I want to open some CSV files as an RDD, do some processing and then load it as a DataFrame. Since the files are stored in an Azure blob storage account I need to configure the access accordingly, which for some reason does not work when using an RDD. So I configure the access this way:

spark.conf.set("fs.azure.account.auth.type.<storage-account>.dfs.core.windows.net", "OAuth")
spark.conf.set("fs.azure.account.oauth.provider.type.<storage-account>.dfs.core.windows.net", "org.apache.hadoop.fs.azurebfs.oauth2.ClientCredsTokenProvider")
spark.conf.set("fs.azure.account.oauth2.client.id.<storage-account>.dfs.core.windows.net", "<application-id>")
spark.conf.set("fs.azure.account.oauth2.client.secret.<storage-account>.dfs.core.windows.net", service_credential)
spark.conf.set("fs.azure.account.oauth2.client.endpoint.<storage-account>.dfs.core.windows.net", "https://login.microsoftonline.com/<directory-id>/oauth2/token")
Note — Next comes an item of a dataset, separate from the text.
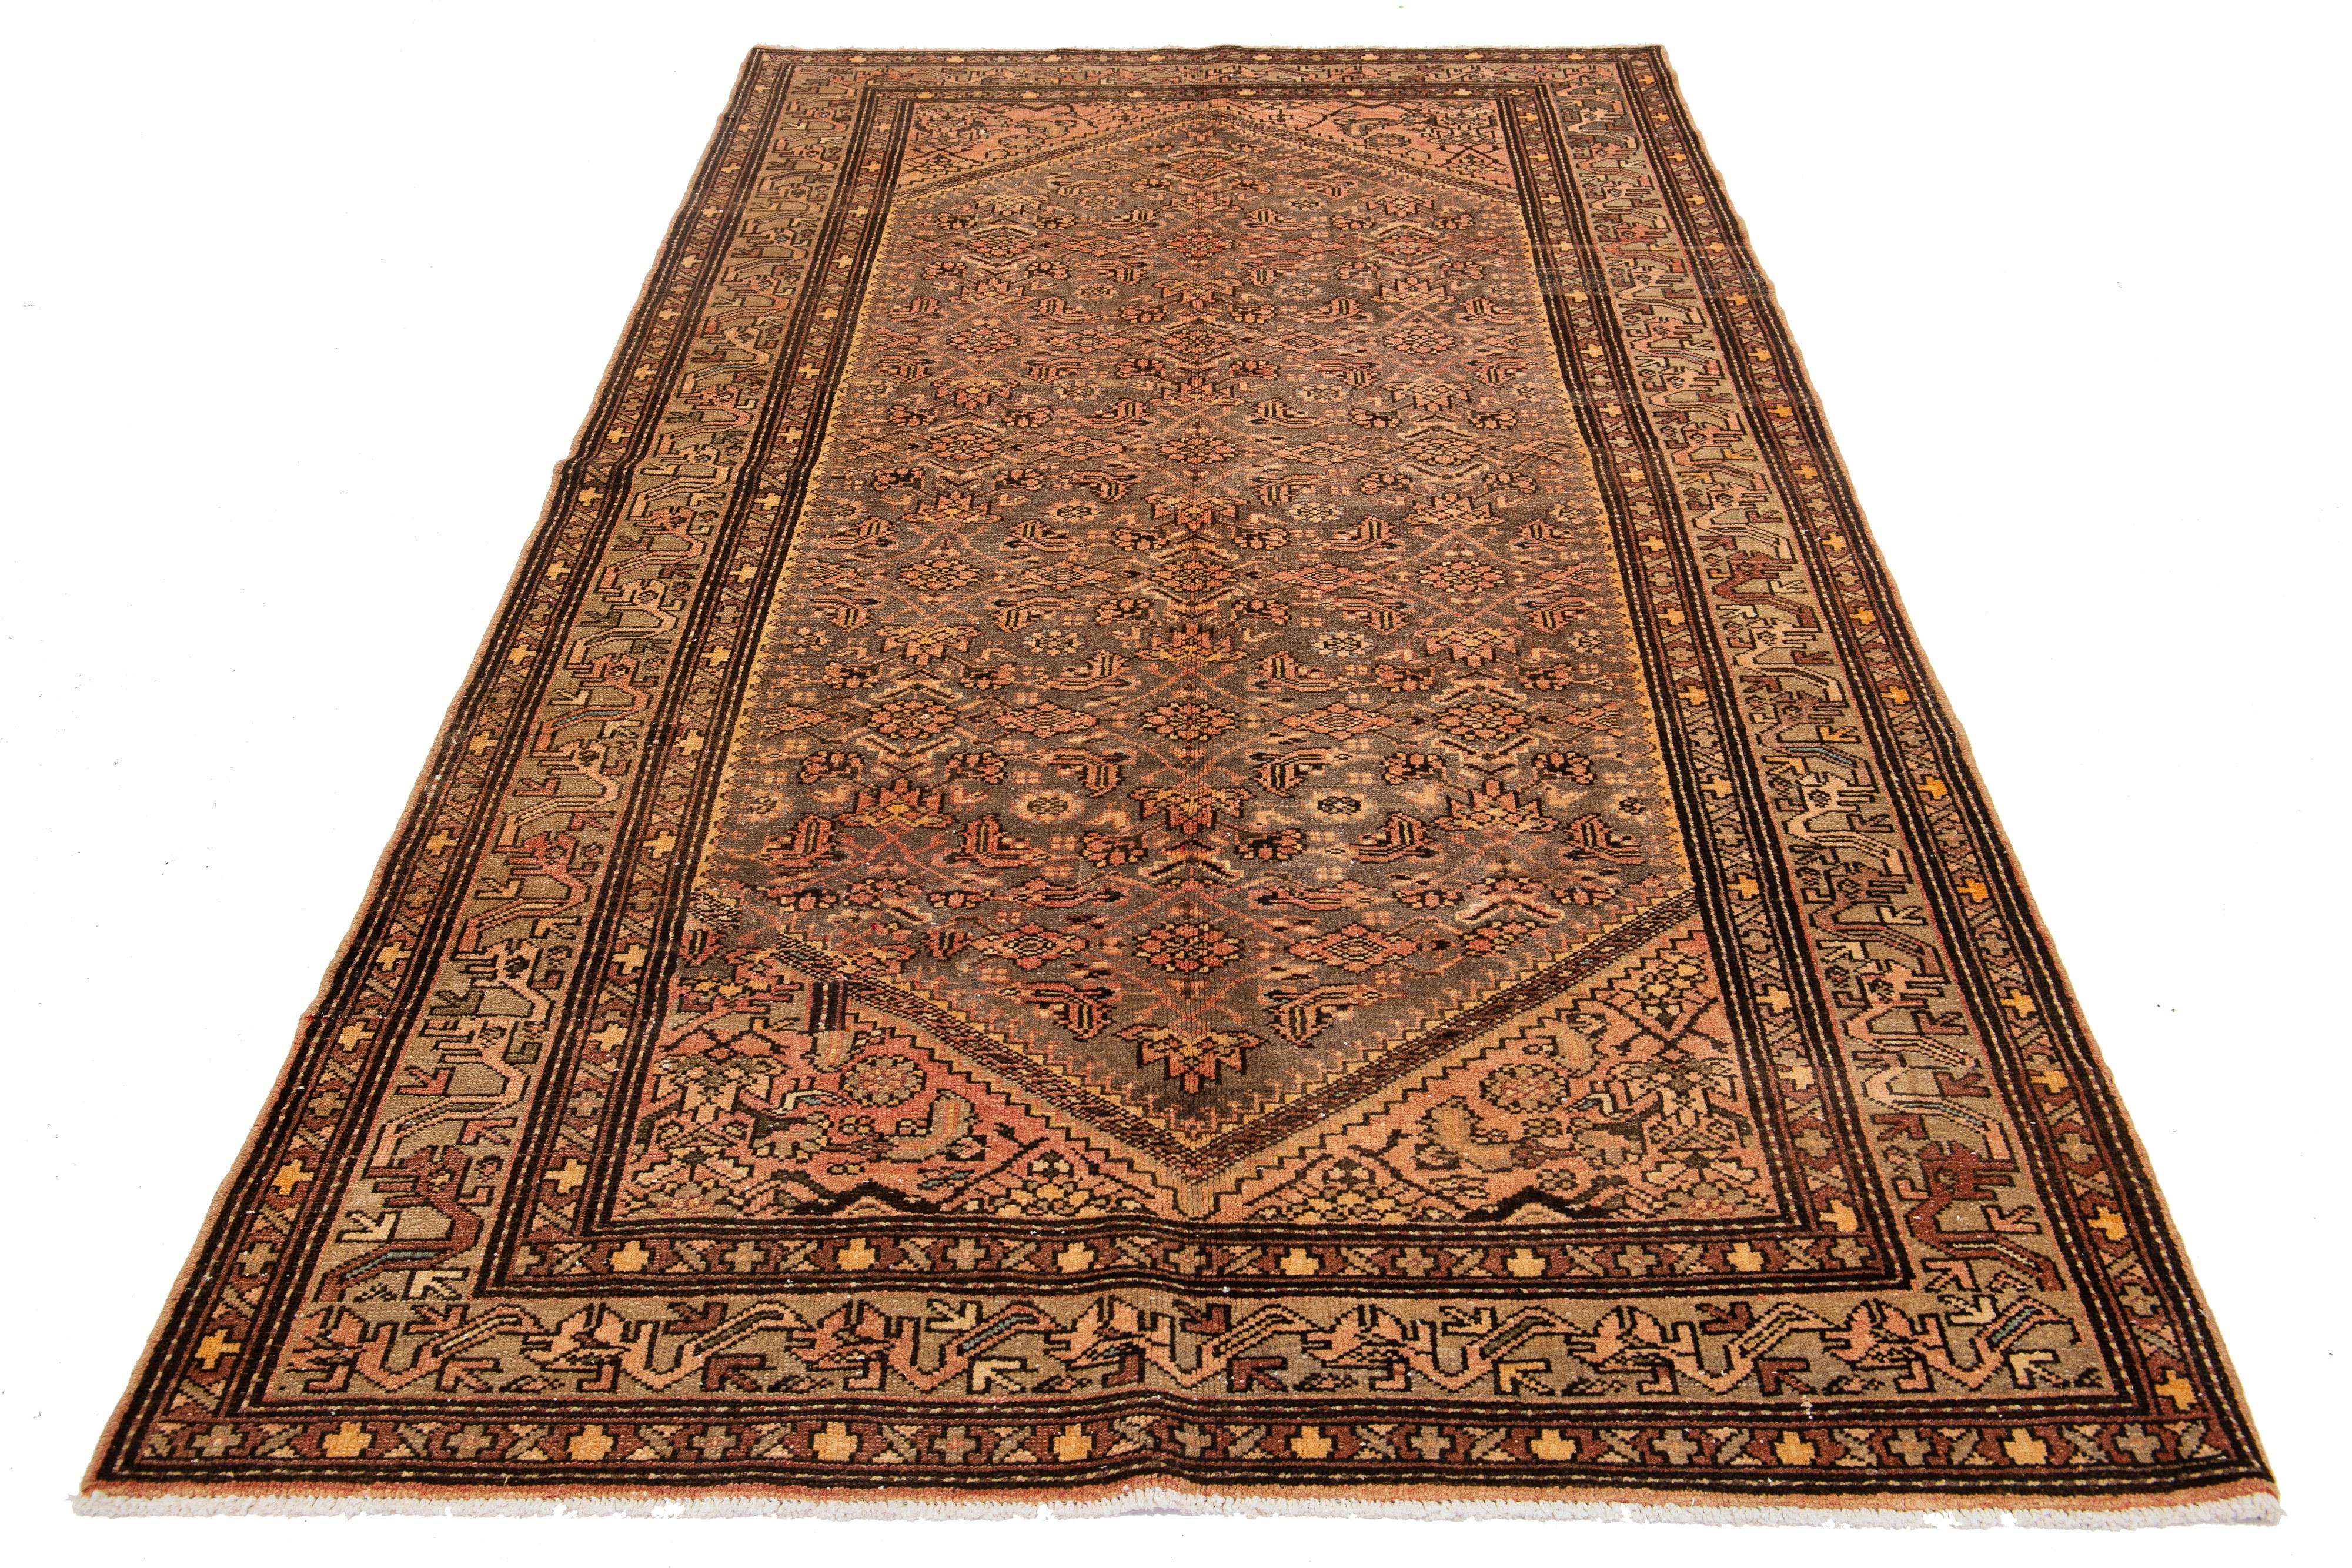 This exceptional antique Persian Malayer rug is crafted from hand-knotted wool. The design features a beautiful combination of gray and rust as the base, enhanced with blue, orange, and brown highlights in a stunning and intricately detailed

This works when loading the files directly as a DataFrame, but not when using the RDD API:

# This works with the previously set configuration
df = spark.read.format('csv').load('abfss://some/path/file.csv')
 
# This does not work and an error is thrown
rdd = spark.sparkContext.textFile('abfss://some/path/file.csv')
df = rdd.filter(filter_func).map(map_func).toDF()

The error I get is:

Failure to initialize configurationInvalid configuration value detected for fs.azure.account.key

Why does the access configuration work when loading the files directly and not via a RDD? And how do I solve this problem?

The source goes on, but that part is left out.